Founding emperor of the Tây Sơn dynasty of Vietnam (r. 1778–88)

Nguyễn Nhạc (/vi/ 阮岳, born 1743, died 1793) was the founder of the Tây Sơn dynasty, reigning from 1778 to 1788.

Nguyễn Nhạc and his brothers Nguyễn Lữ and Nguyễn Huệ, known as the Tây Sơn Brothers after their home district, ended the centuries-long civil war between the Trịnh Lords in northern Vietnam and the Nguyễn Lords in southern Vietnam, seizing control from these groups and the Lê dynasty. From 1778 to 1788, Nguyễn Nhạc proclaimed himself Emperor Thái Đức (/vi/ 泰德). In 1788, after his younger brother proclaimed himself Emperor Quang Trung, Nguyễn Nhạc resigned as Emperor and declared himself King of Tây Sơn.

==Early life==
Nguyễn was born in Tây Sơn District, Quy Nhơn Province (modern Bình Định Province). Vietnamese historian Trần Trọng Kim described him as a courageous and clever man. He had two younger brothers: Nguyễn Lữ and Nguyễn Huệ. Their talents were highly appreciated by their martial arts master, Trương Văn Hiến.

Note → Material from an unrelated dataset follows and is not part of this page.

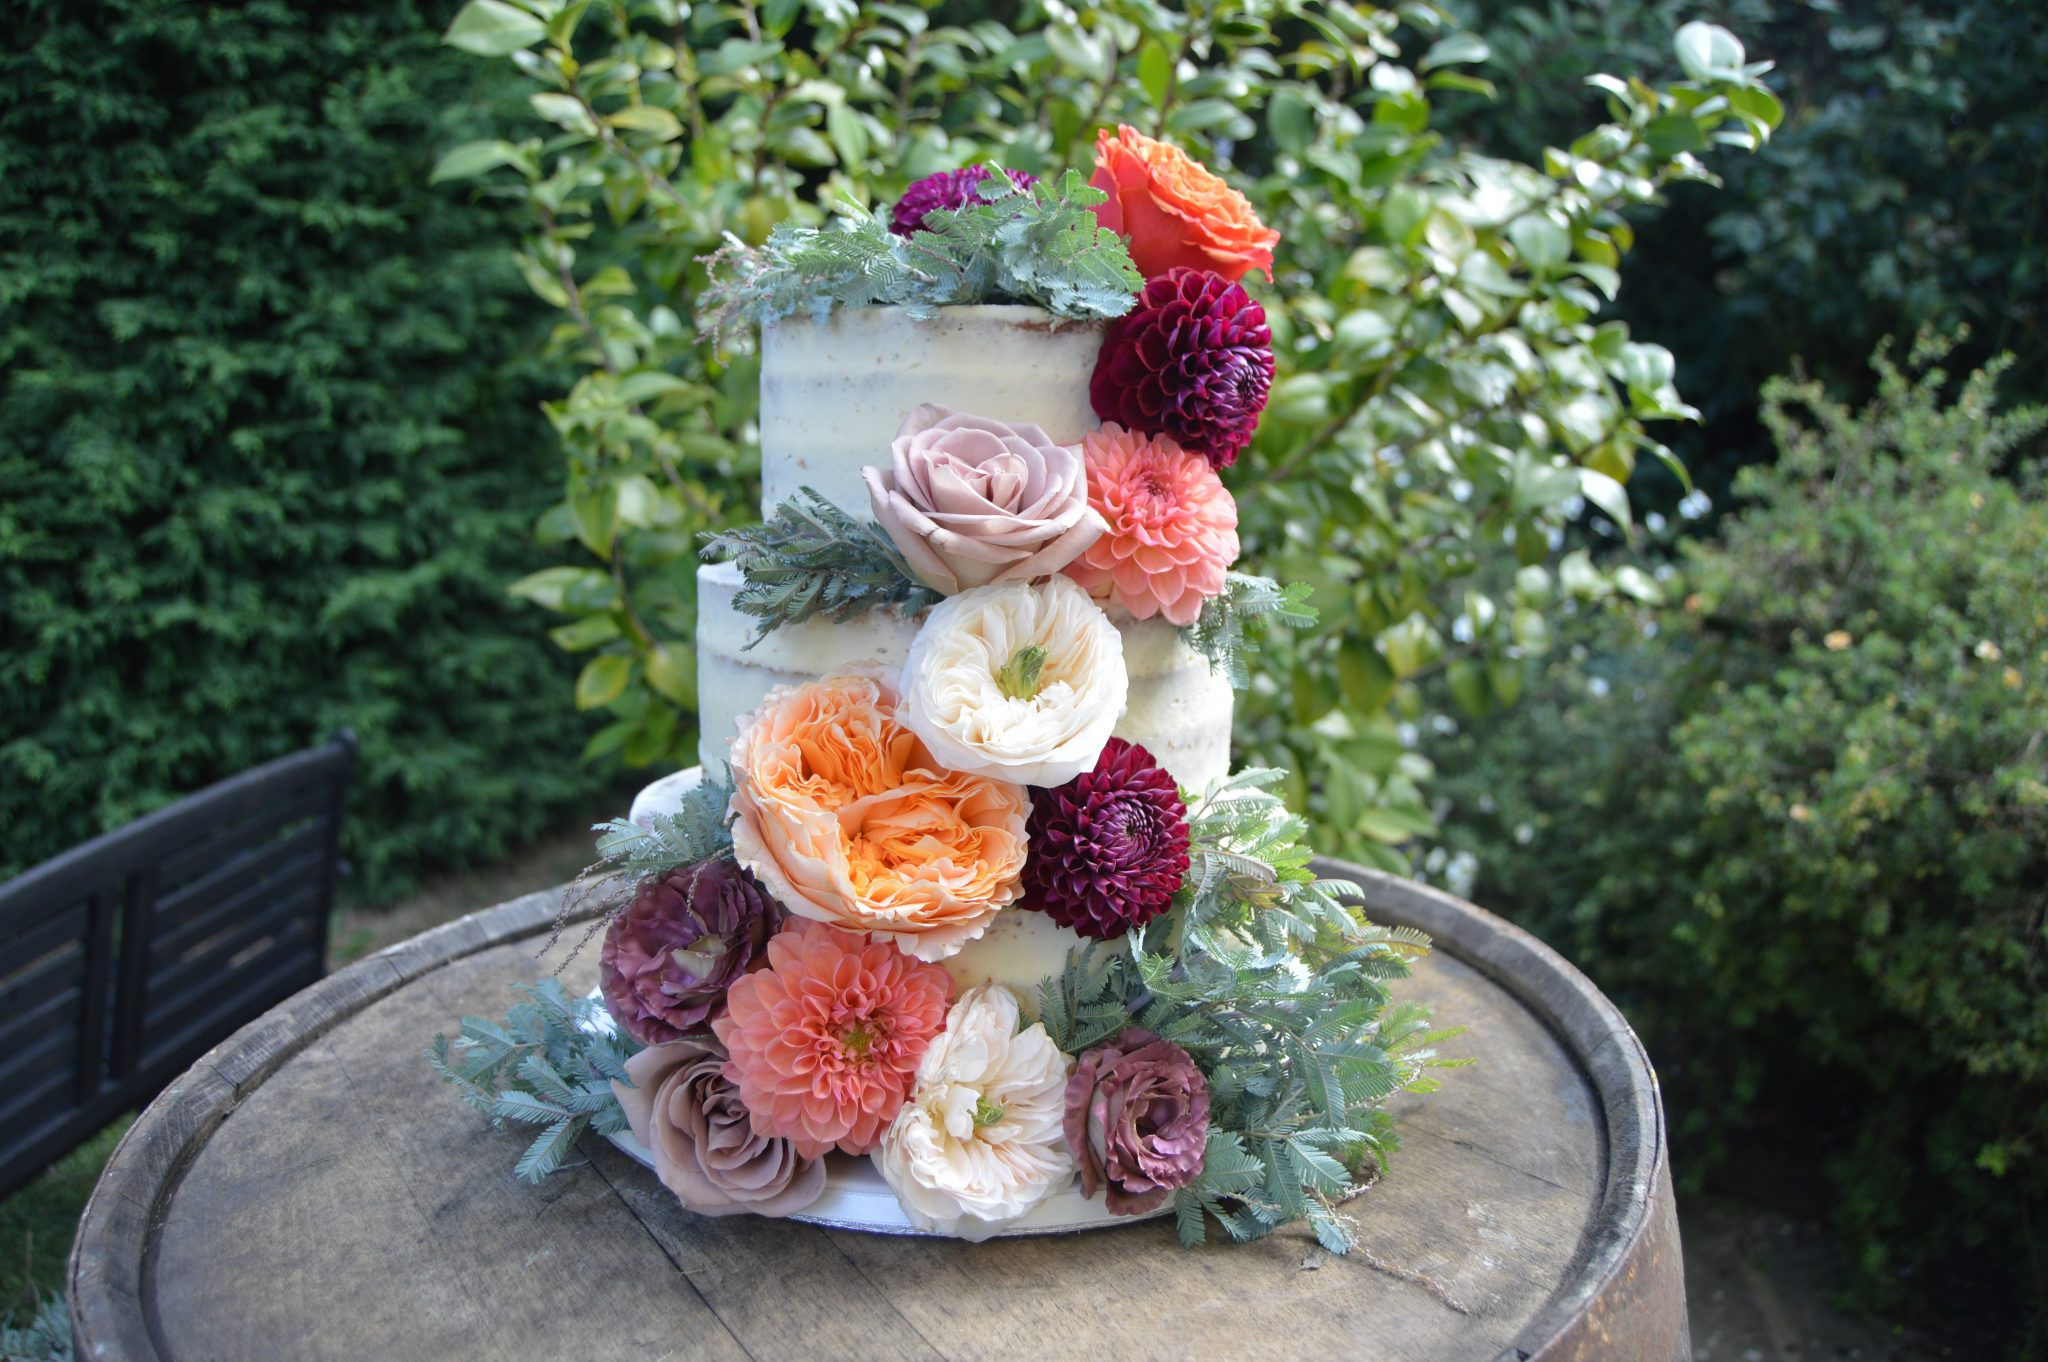 Nic's Slice of Heaven floral buttercream wedding cake

The Tây Sơn brothers lived by trading betel. Legend stated that Nhạc got a magical sword from barbarians, gaining the respect of many people. Later, Nhạc became a tax collector for the Nguyễn lords. He stole all of the taxes he had collected and distributed to poor farmers. Afterwards, he fled with his brothers and became an outlaw. Hiến encouraged Nhạc to revolt against the Nguyễn, saying that: "The prophecy says: 'Revolt in the West, success in the North'. (Note: Original Vietnamese: "Tây khởi nghĩa, Bắc thu công".) You are born in Tây Sơn District, you must do your best." Nhạc agreed with him.

==Revolt against the Nguyễn lords==
At that time, the lord of Cochinchina, Nguyễn Phúc Thuần, was young, with power resting in the hands of a corrupt regent, Trương Phúc Loan. Loan was so unpopular that people compared him with Qin Hui. There were rumors that Loan changed the former lord's will to enthrone the young prince Thuần. In 1771, the Tây Sơn brothers rebelled against Nguyễn lords. They took Tây Sơn District as their base camp, aiming to overthrow Loan and enthrone Nguyễn Phúc Dương, the eldest grandson of the former Nguyễn lord. The rebels became famous for their policy: "fair, no corruption, only looting the rich, and help the poor." (Note: Original Vietnamese: công bằng, không tham nhũng, và chỉ cướp của của người giàu, giúp người nghèo.) Soon they were widely supported by the poor. Ethnic minorities in Cochinchina, including Montagnards, Chams and Sino-Vietnamese, also took part in the rebellion.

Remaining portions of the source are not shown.